Кольца Сатурна превращаются в чугунный балкон, на который его обитатели по вечерам выходят подышать свежим воздухом. Литературным эквивалентом этих графических фантазий являются книги естествоиспытателя-фурьериста Туссеналя. Мода предписывает ритуал, в соответствии с которым полагается почитать фетиш товара. Гранвиль расширил границы ее претензий, так что они охватили как предметы повседневного обихода, так и космическое пространство. Доводя ситуацию до крайности, он вскрывает природу моды. Она находится в противоречии с органическим миром. Она накрывает органическое тело колпаком неорганического мира. Она блюдет в живом права трупа. Ее жизненный нерв – фетишизм, подчиняющийся сексапильности неорганического мира. Культ товара берет его к себе на службу.
К парижской всемирной выставке 1867 года Виктор Гюго выпустил манифест: «К народам Европы». Раньше и более внятно их интересы были выражены французскими делегациями рабочих, первая из которых была откомандирована на лондонскую всемирную выставку 1851 года, вторая, насчитывавшая 750 человек, – на выставку 1862 года. Эта вторая делегация опосредованно имела значение для основания Марксом международной ассоциации рабочих. Фантасмагория капиталистической культуры достигает ослепительного расцвета на всемирной выставке 1867 года. Империя находится в зените мощи. Париж подтверждает свою славу столицы роскоши и моды. Оффенбах задает ритм парижской жизни. Оперетта – ироническая утопия непоколебимого господства капитала.
IV. Луи-Филипп, или Интерьер
La tête…
Sur la table de nuit, comme une renoncule,
Repose.
При Луи-Филиппе на историческую арену выходит приватье, частное лицо. Расширение демократического государственного аппарата совпадает с парламентской коррупцией, организованной Гизо. Под ее сенью господствующий класс делает историю, преследуя свои корыстные интересы. Он развивает железные дороги, чтобы повысить свои дивиденды. Он поддерживает господство Луи-Филиппа, как власть главного рантье. В ходе июльской революции буржуазия достигла целей 1789 года (Маркс).

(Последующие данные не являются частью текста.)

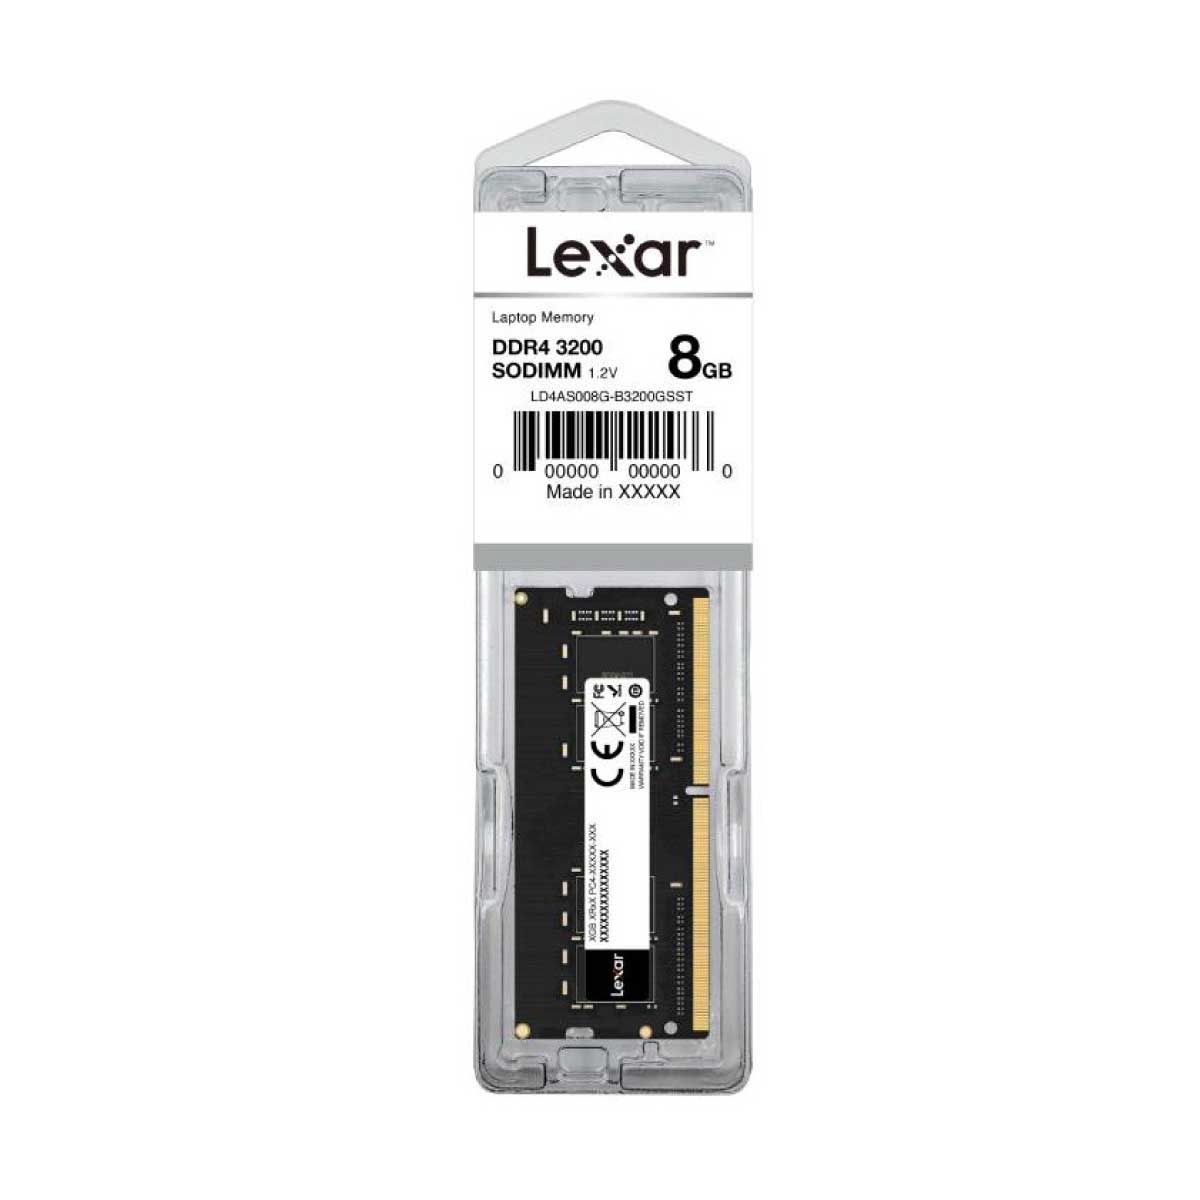 LEXAR DDR4-3200/2666 SODIMM LAPTOP MEMORY 8GB
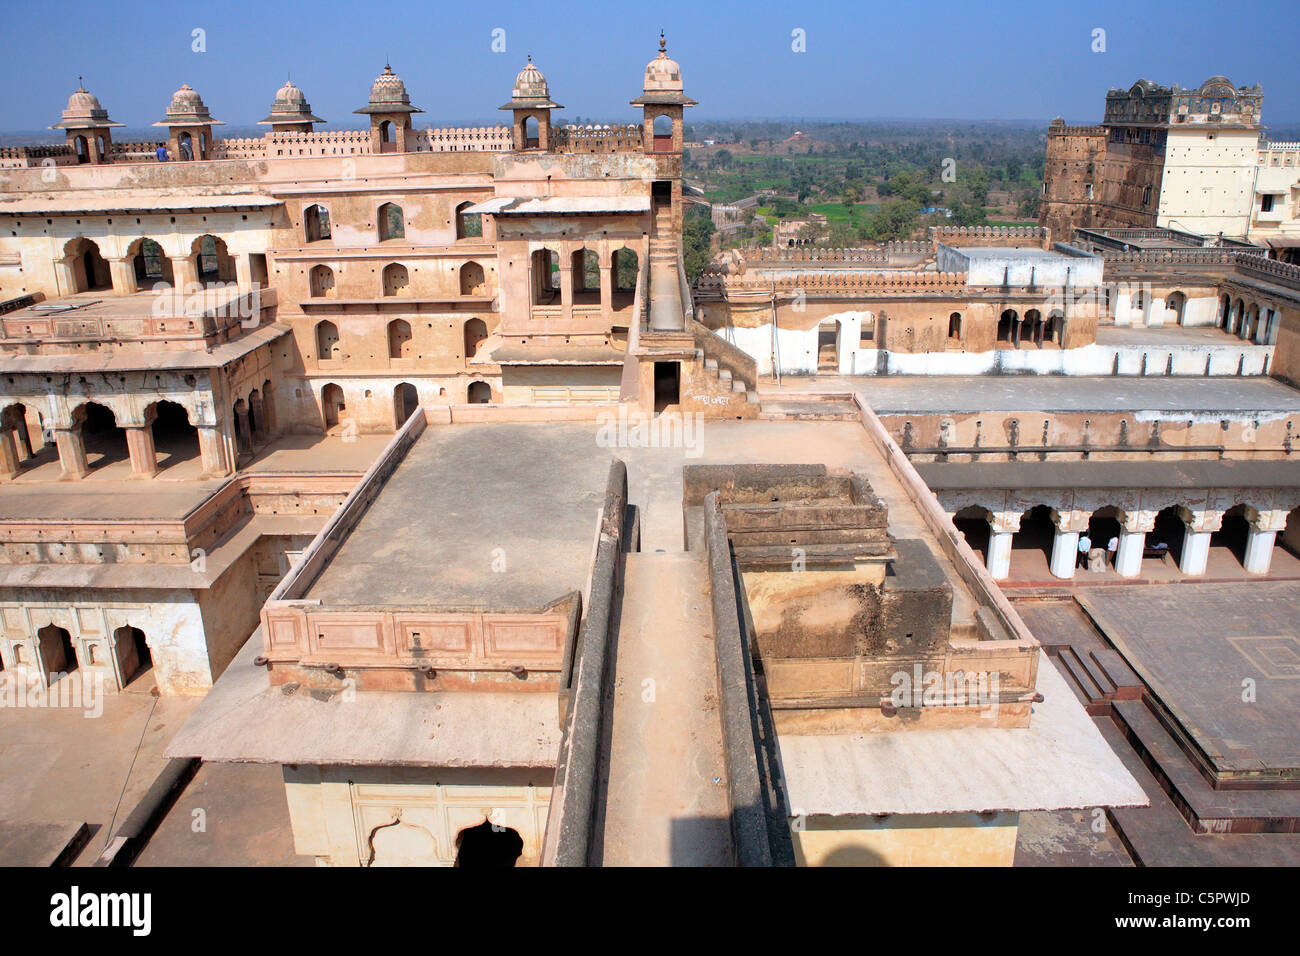 Ram Raja palace (late 16th century), Orchha, Madhya Pradesh state, India Stock Photo

Для приватье жизненное пространство впервые вступает в конфликт с рабочим местом. Основой жизненного пространства является интерьер. Контора является его дополнением. Приватье, сводящий счеты с реальностью в конторе, требует, чтобы интерьер питал его иллюзии. Эта необходимость оказывается тем более настоятельной, что он не собирается расширить свои деловые соображения до пределов общественных. Создавая свое частное пространство, он уходит и от того, и от другого. Отсюда фантасмагории интерьера. Для привагье это вселенная. Он собирает в нем то, что удалено в пространстве и времени. Его салон – ложа во всемирном театре.
Экскурс о стиле модерн. Потрясение интерьера происходит на рубеже веков в стиле модерн. Впрочем, по своей идеологии он кажется доведением интерьера до совершенства. Просветление одинокой души – вот его цель. Индивидуализм – вот его теория. У ван де Вельде дом оказывается выражением личности. Орнамент в этом доме – то же, что сигнатура у картины. Реальное значение стиля модерн не проявляется в этой идеологии. Он является последней попыткой прорыва искусства, осажденного техникой в его башне из слоновой кости. Он мобилизует все ресурсы проникновенности.
Они находят выражение в медиумическом языке линий, в цветке как символе обнаженной, дикорастущей природы, противостоящей технизированному окружению человека. Новые элементы металлических строительных конструкций, формы балок занимают модерн. Через орнамент он пытается вернуть эти формы в область искусства. Бетон открывает ему новые возможности пластического моделирования в архитектуре. В это время реальный центр тяжести жизненного пространства смещается в бюро. Лишенный реальности создает ее в своем жилище. Итог стиля модерн подводит «Строитель Сольнес»[54]: попытка индивидуума померяться силами с техникой, опираясь на силы своей души, кончается гибелью.